Indeed I think we have nearly everything that is available for the English language also for the German one. In most cases the quality is quite good, but not as well as for the English language. We have good spell-checkers (http://www.j3e.de/cgi-bin/spellchecker or www.canoo.net/services/GermanSpellingChecker/Controller to mention just a couple). Also there are German text-to-speech applications, or screenreaders, which mainly are German versions of English programs, i.e. just the model is changed. There is a English version of a German website, listing many available tts applications: ttssamples.syntheticspeech.de/ Also speech-recognition systems are widely used in Germany. Of course for telephone dialogues, but also for speech-controlled gps navigation systems. We have companies offering speech control for industrial machinery (http://www.novotech-gmbh.de/sprachsteuerung.htm) ans lots of stuff like this. But it's not a thing everyone uses every day, so it is still in the early stages of development. We have grammar checkers, too. For example in office products - you know, when it underlines a senetence in green not red - and again they work quite well, but for me it seems that the English grammar checkers performs even better. Might be, because I don't make as many mistakes in German as in English Furthermore question-answer-systems are used in Germany. The distance university "Fernuniversität Hagen" has invented the "InSicht" question-answer-system, which was rated as best German one at the CLEF 2004 (Cross-Language System Evaluation Campaign). As far as I know it is not used commercially by now, but it could be used for intelligent searches at newspaper-archives, websites, internal documentations of companies or where else there is a need for systems like this (http://pi7.fernuni-hagen.de/Frage-Antwort-System/Frage-Antwort-System.html) Also there are some search engines on the web, where you can ask questions in German and get something like a summary of all answers. fa1.auskunft.org/cgi-bin/qa.cgi for example, but it works fairly poor. I think it's something like Wolfram Alpha, where somebody has to put all answers into a huge database. We also have organisations in Germany dealing with natural language processing. The "Deutsche Gesellschaft für Sprachwissenschaften (DGfW)" and the "Gesellschaft für linguistische Datenverarbeitung (GFLD)". I post the websites but neither of them is available in English.
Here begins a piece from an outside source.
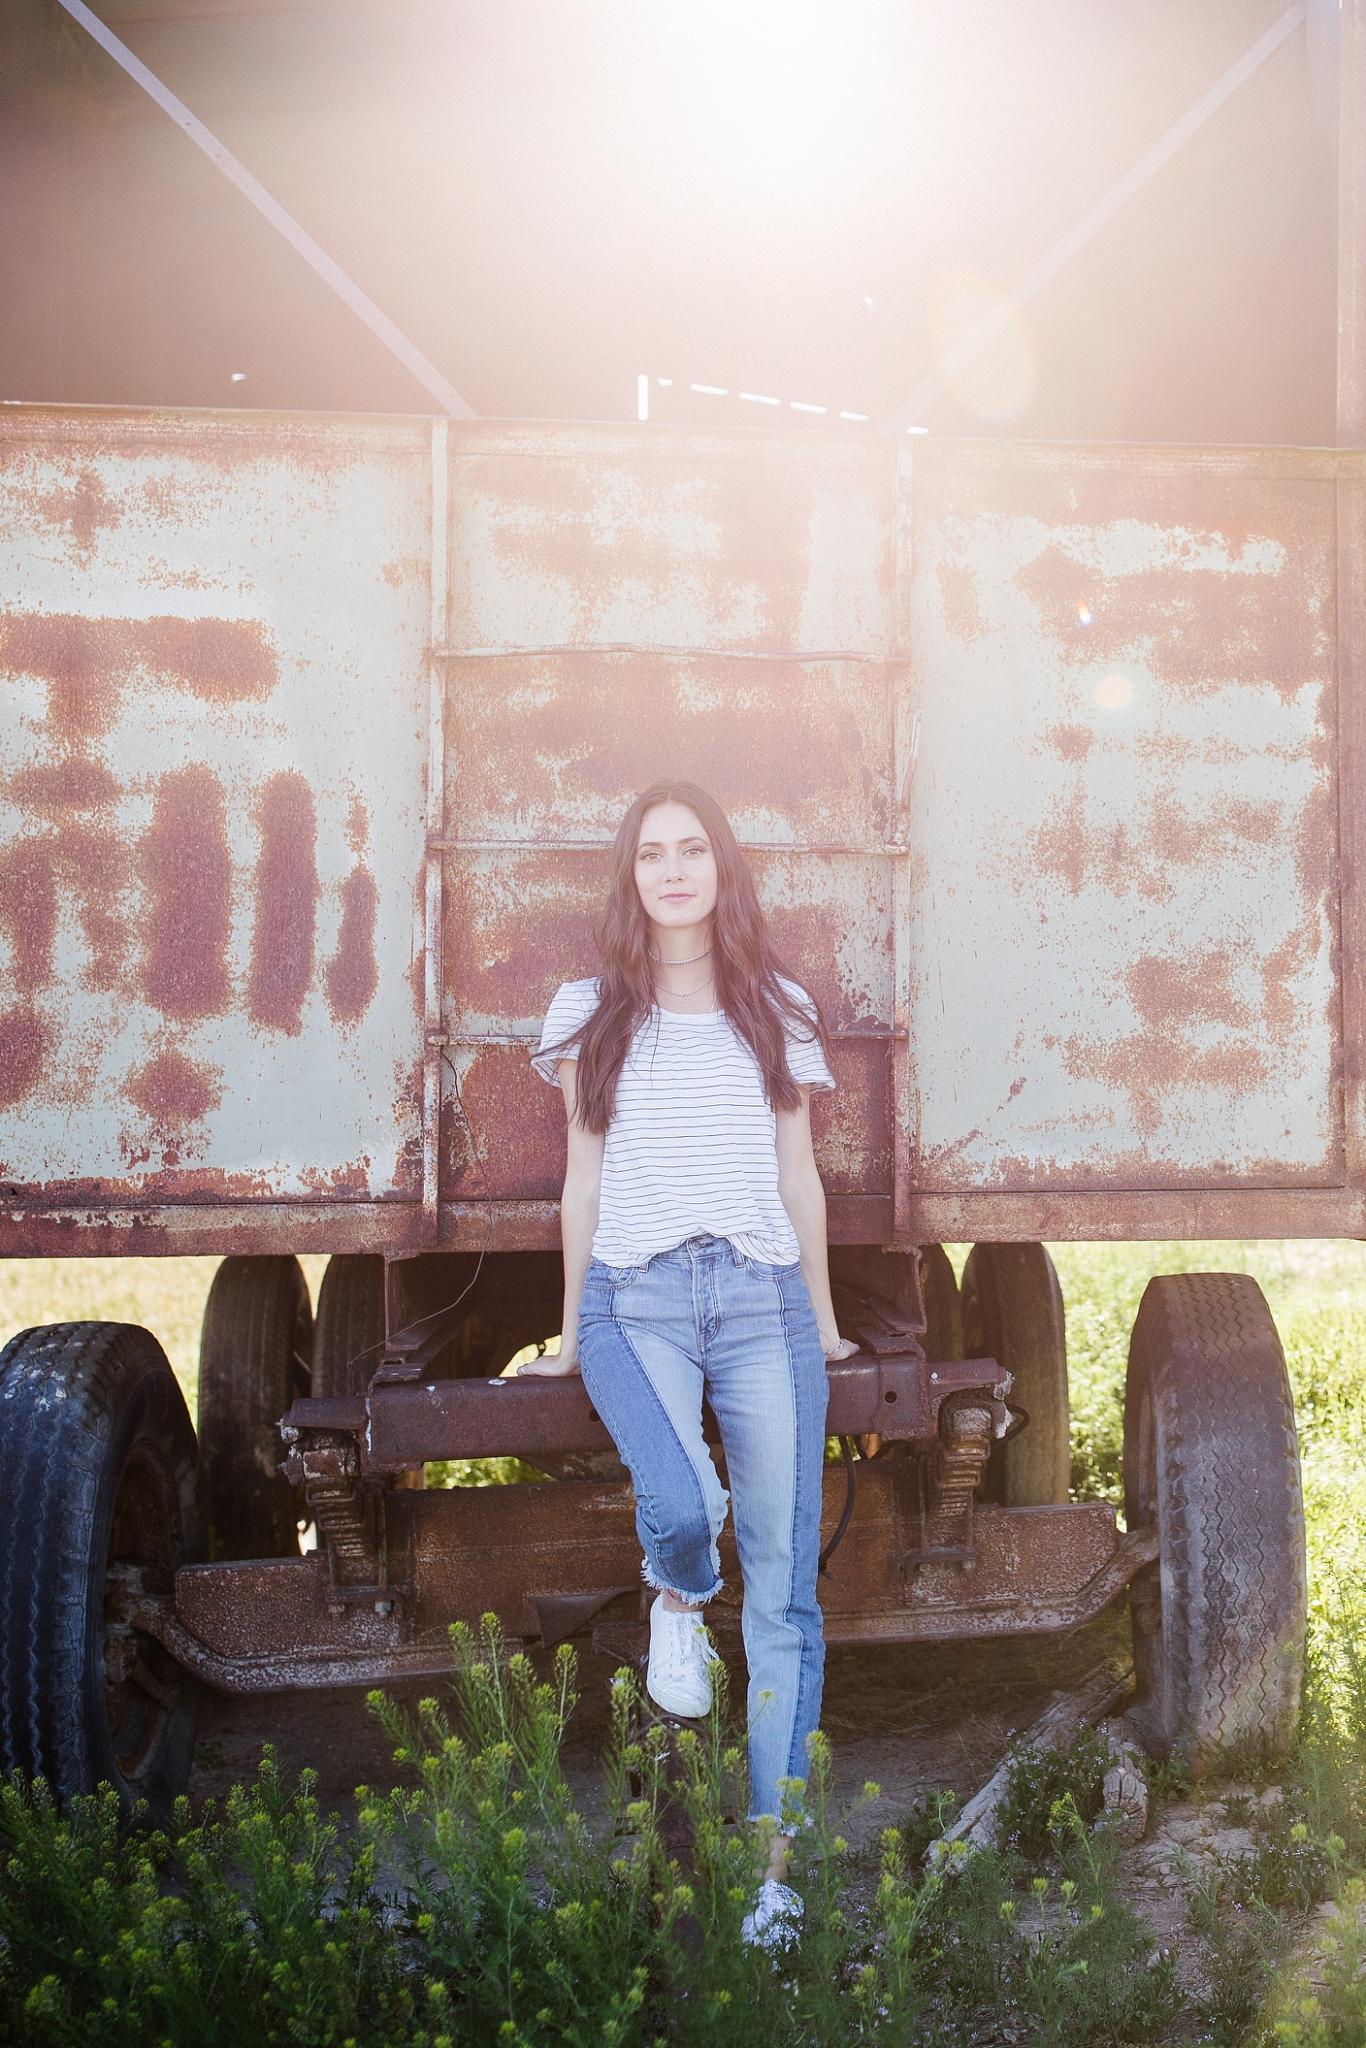 Audrey-9_Lizzie-B-Imagery-Utah-Family-Photographer-Central-Utah-Senior-Photography.jpg

I assume Oliver will provide some further information but from my point of view: That's it!
but I think you covered them all. I could provide more links for each topic that you mentioned, but that would only be corporations or societies down the list of google search.
Well, as we will speak about corpora tomorrow, here are some links to websites with german corpora:
A very large, growing, online German corpus archive (778 million words in August 2000) maintained by the "Institut für Deutsche Sprache" in Mannheim, Germany. A copyright-free portion of the archive (379 million words in August 2000) is freely searchable. Invited guests have access to the whole archive. Partially tagged. www.ids-mannheim.de/kl/corpora.html
Berlin-Brandenburgische Akademie der Wissenschaften - "Das digitale Wörterbuch der deutschen Sprache des 20. Jahrunderts" (DWDS) provides an so called core-corpus, the first balanced corpus for the german language of the 20. century. Other balanced corpora are available too.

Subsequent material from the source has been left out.